WHAT YOU ARE ASKED TO DO -> The material below should be copied line for line, please, with pictures omitted.

SUPPLIED MATERIAL ->

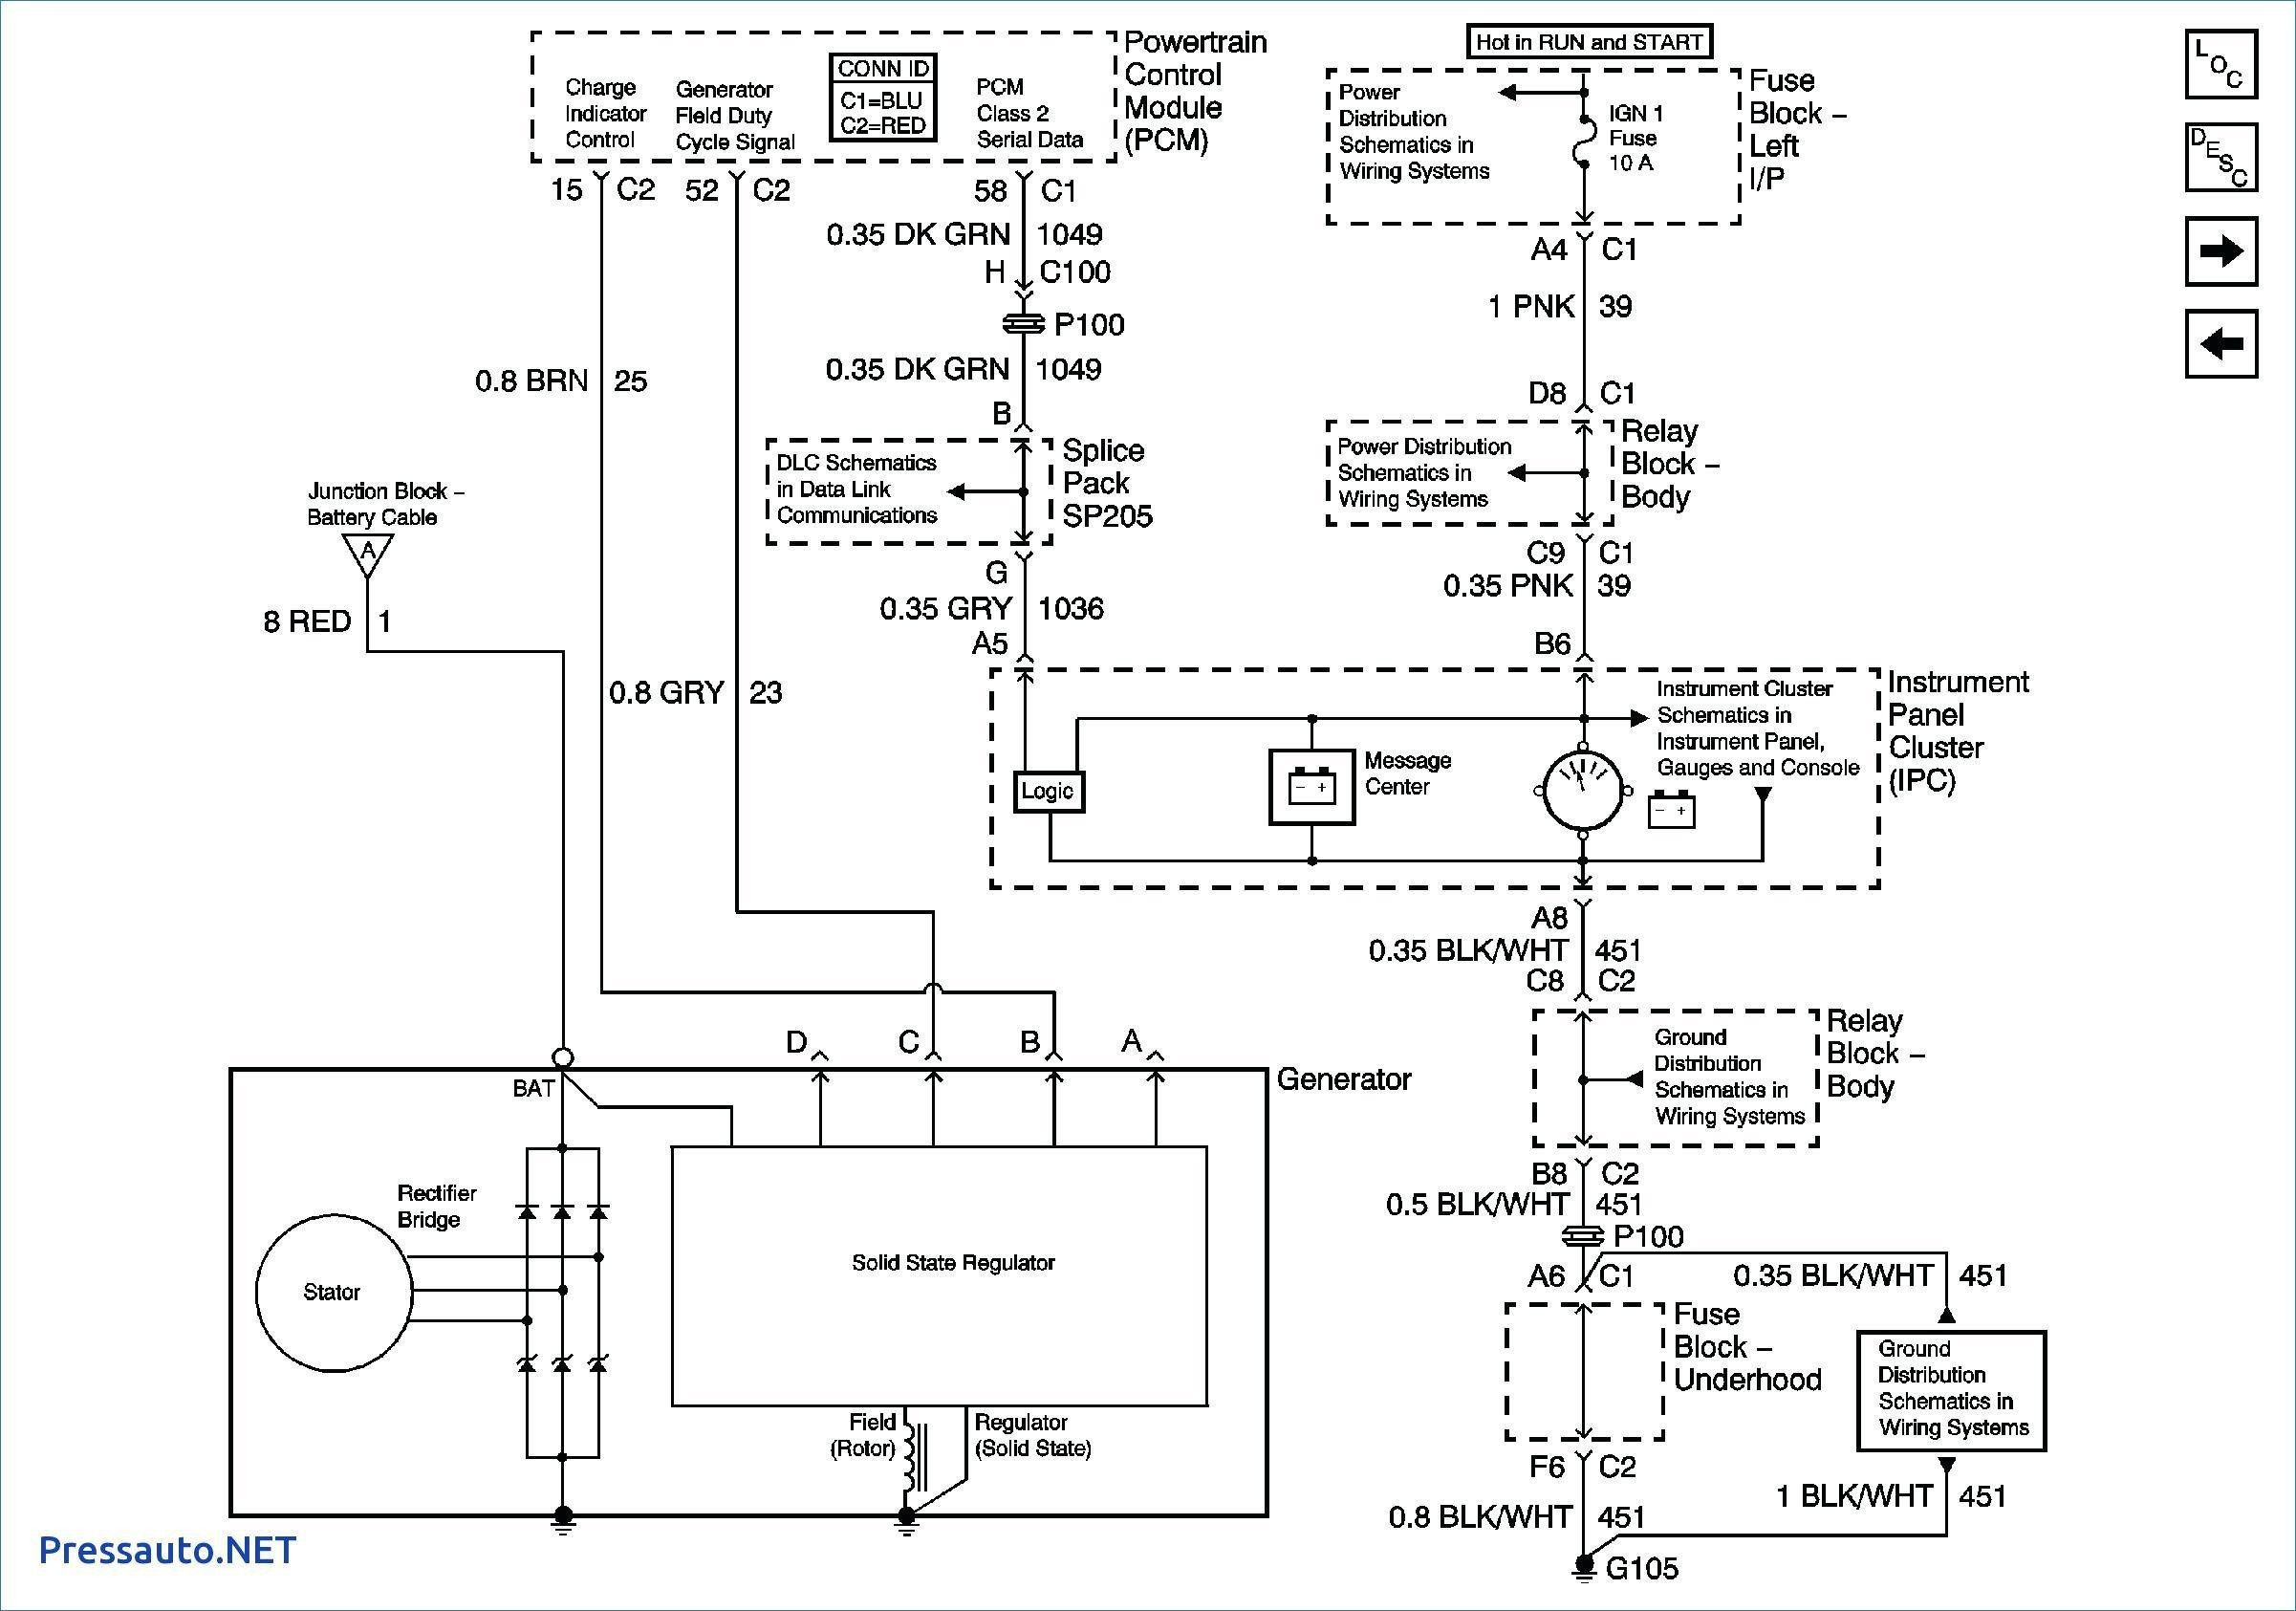 Car Powertrain Diagram Auto Wiring Diagram Symbols Save Simple Vehicle Wiring Diagram Of Car Powertrain Diagram
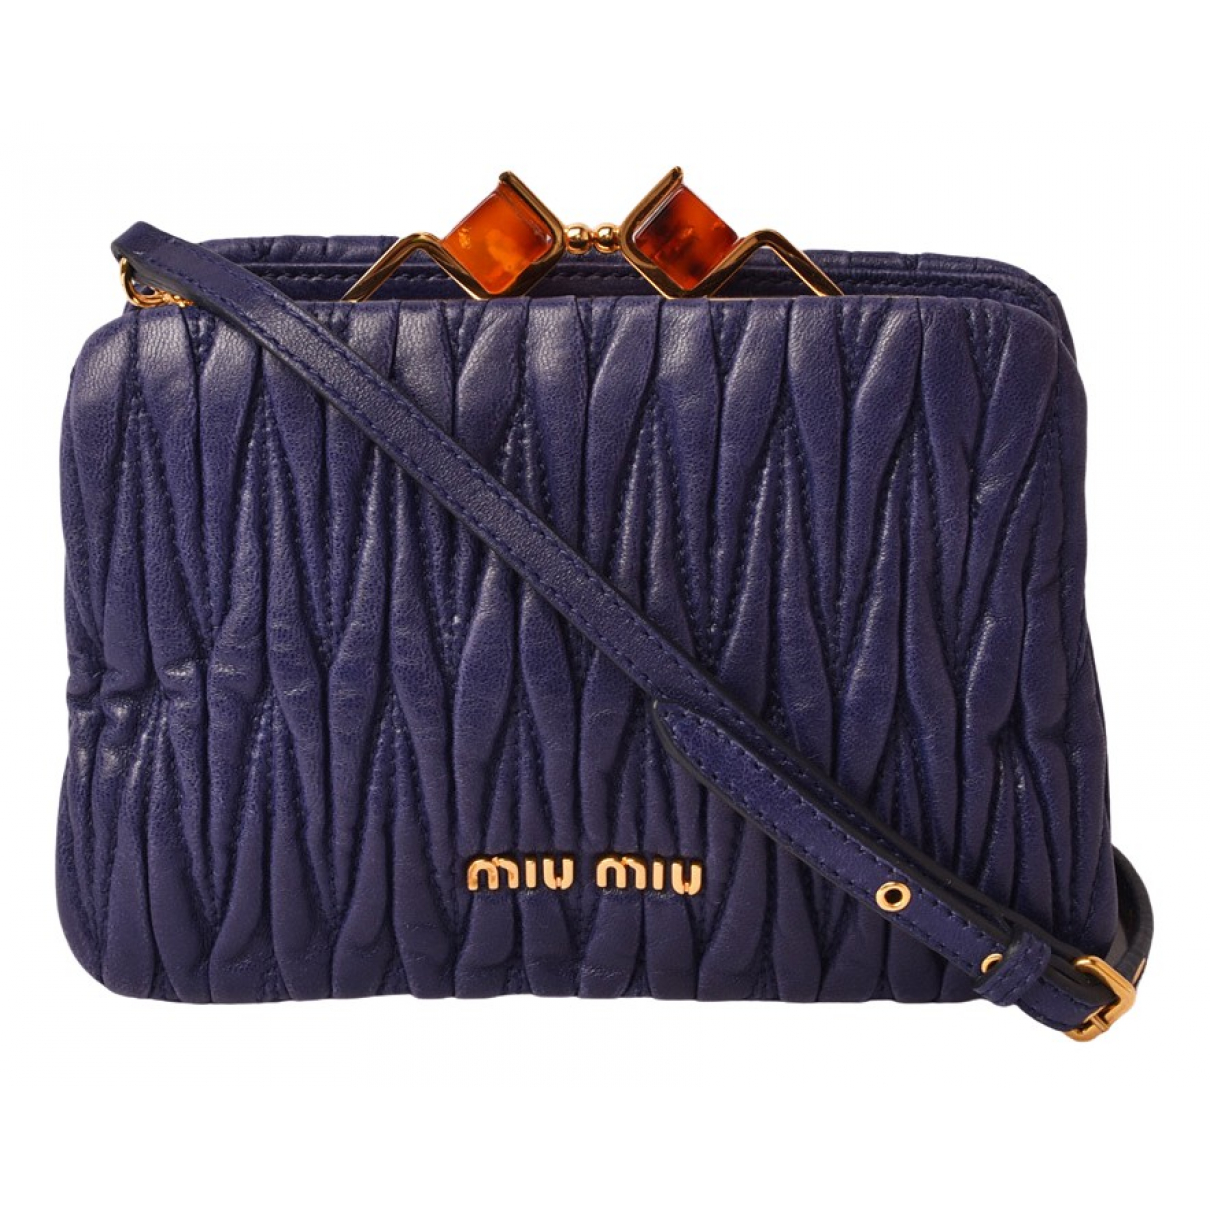 Miu Miu Matelassé Blue Leather handbag for Women N
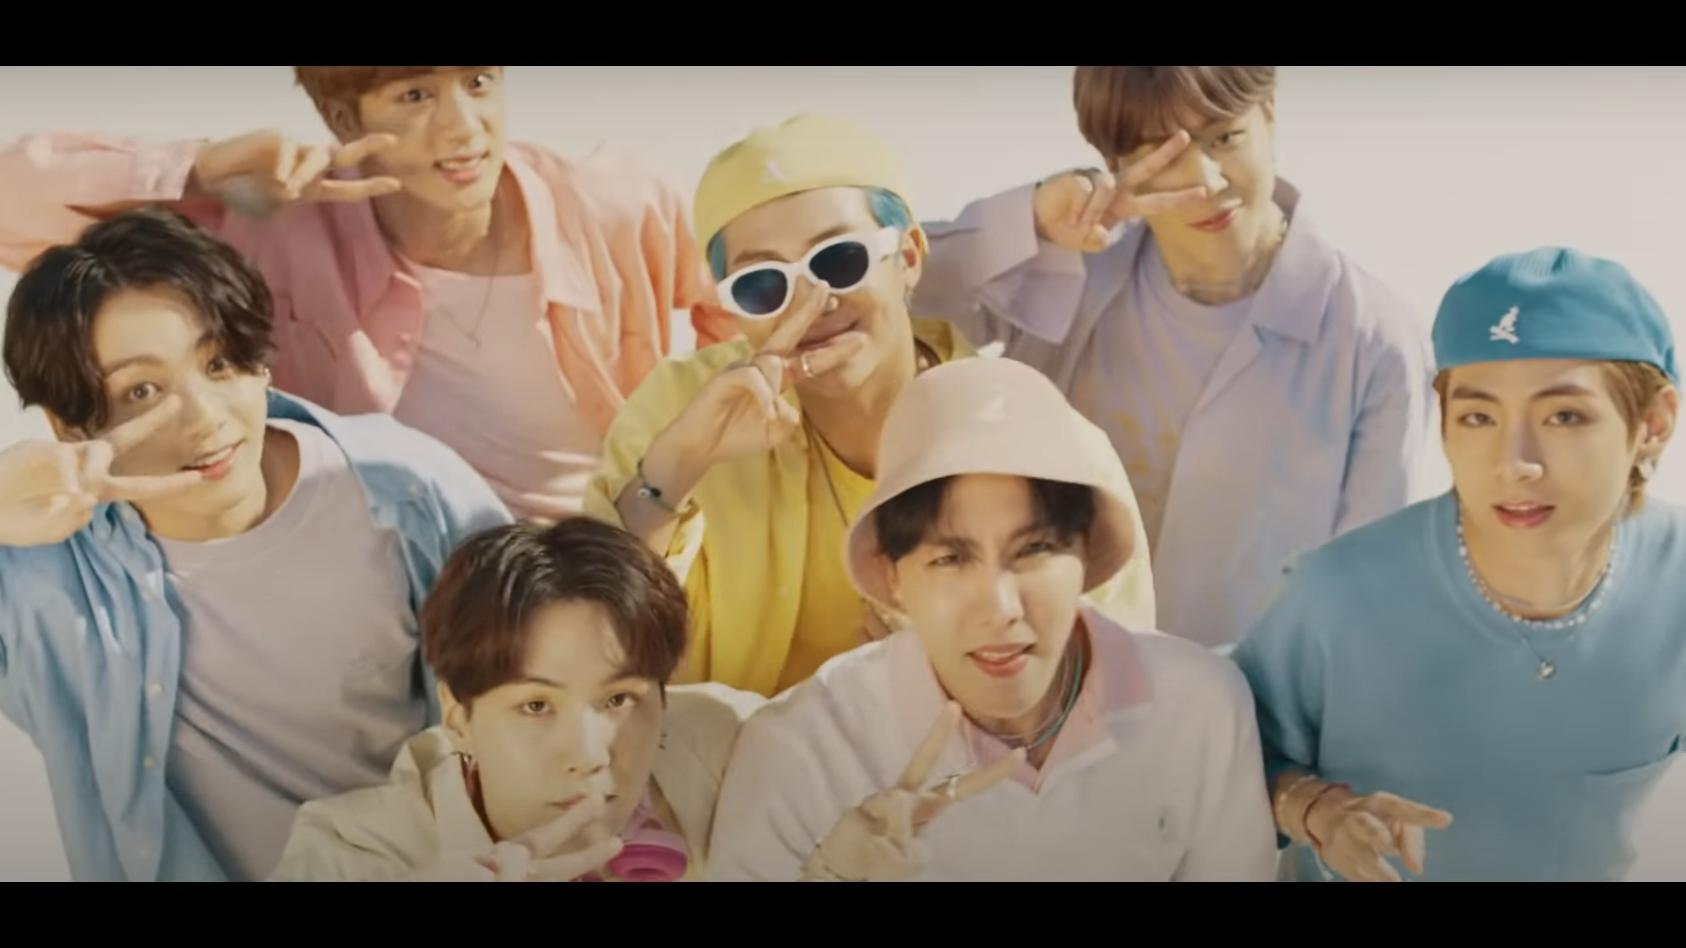 BTS 'Dynamite' Tops 20 Billion Views on YouTube   Variety

SOLUTION TO THIS TASK ->
 Car Powertrain Diagram Auto Wiring Diagram Symbols Save Simple Vehicle Wiring Diagram Of Car Powertrain Diagram
 Miu Miu Matelassé Blue Leather handbag for Women N
 BTS 'Dynamite' Tops 20 Billion Views on YouTube   Variety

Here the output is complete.